Recensione: Nine Lives (Reissue)
Agli albori del metal, l’hard rock poneva le fondamenta per un suono libero dalle briglie del pop, il quale, nelle vesti della disco, voleva definitivamente assoggettare lo spirito indomito della musica dura, apparentemente fiaccato dalla rivolta punk.
In quegli anni, si vociferava di un declino ormai non scongiurabile ed imminente per i mostri sacri del movimento, che mostravano evidenti segni di cedimento: questo solo in apparenza perché, se, da una parte, era vero che Led Zeppelin, Black Sabbath e Deep Purple languivano, dall’altra parte, si delineavano e si rafforzavano vecchi e nuovi alfieri per la musica dura, tra i quali gli americani REO Speedwagon.
I REO, originari di Champaign (Illinois), muovono i primi passi nel 1967 per mano di Neal Doughty e Alan Gratzer, ai quali si uniscono il cantante Terry Luttrell, Gary Richrath (chitarra) e Gregg Philbin (basso).
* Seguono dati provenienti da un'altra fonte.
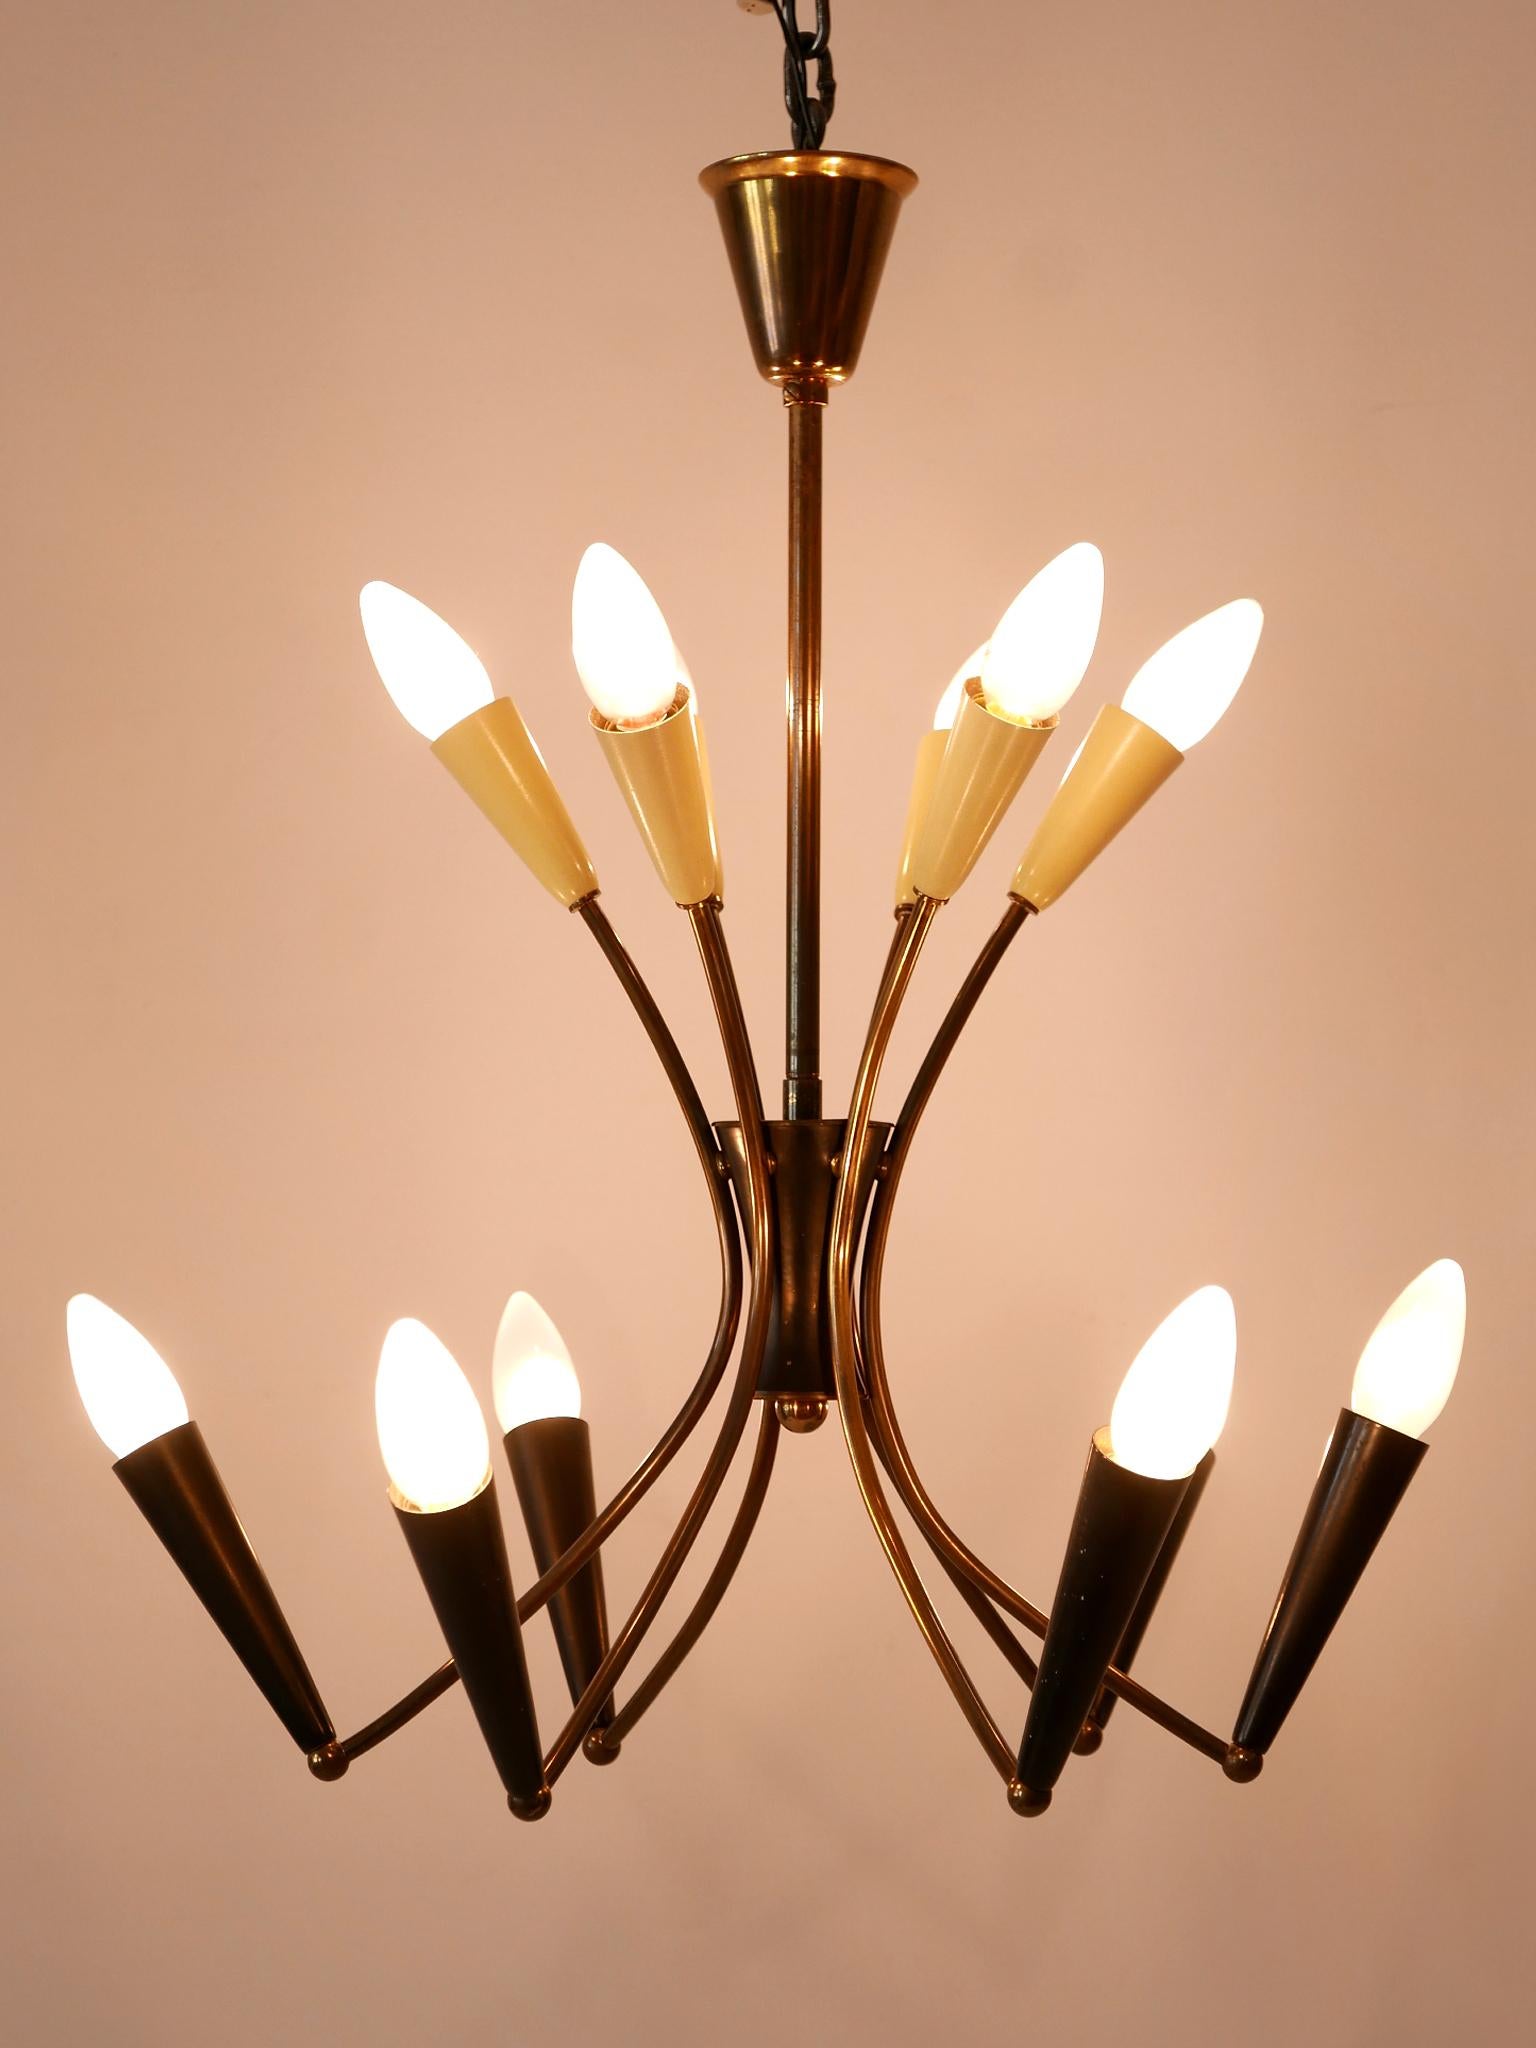 Lovely and highly decorative Mid-Century Modern 12-Flamed Sputnik pendant lamp or chandelier. Designed & manufactured in Germany, 1950s.

Executed in brass & metal, the pendant lamp / chandelier is executed with 12 x E14 / E12 Edison screw fit bulb

Nel 1971, i Nostri esordiscono con l’album omonimo ma arrivano al successo di critica e pubblico registrando il loro ottavo disco, ironicamente intitolato “You Can Tune A Piano, But You Can’t Tuna Fish” (1978).
Per celebrare i nove album pubblicati sino ad allora, l’anno successivo, la band dà alla stampe l’interlocutorio “Nine Lives”, riscoprendo le sue radici hard rock.
Se a “You Can Tune A Piano, But You Can’t Tuna Fish”, infatti, si può rimproverare la mancanza di canzoni dall’inflessione hard’n’roll, “Nine Lives” vorrebbe porre rimedio a questa lacuna, ovviamente, senza eccedere ma rinnovando il giuramento al rock più passionale ed epidermico, libero da schemi e generi come solo la musica americana sapeva fare.
“Nine Lives”, infatti, si nutre e vive di più influenze e sensazioni, riconducibili a due anime predominanti: una più romantica e gioiosa, tipica del REO Speedwagon sound, e una più energica e frizzante, che rimane imprigionata nel groove disarmante di “Heavy On Your Love”.
D’altronde, un titolo come “Heavy On Your Love” non ammette equivoci: il riff ruvido non dà scampo, creando un tessuto musicale penetrato dalla voce deliziosamente viziosa di Cronin, lontana dalle delicatezze a cui i REO ci avevano abituati (“lievi trastulli” che ritorneranno nelle atmosfere intime e vellutate di “You Can’t Fight This Feeling”, masterpiece dei Nostri).
Nell’opener, Cronin spiega da dove deriva la propria forza di volontà e racconta come l’amore lo abbia aiutato a non smarrirsi (“…I was lost but now I’ve found…”) e lo abbia fortificato nell’animo (“…Havin’ you around has made me heavy/Heavy on your love…”).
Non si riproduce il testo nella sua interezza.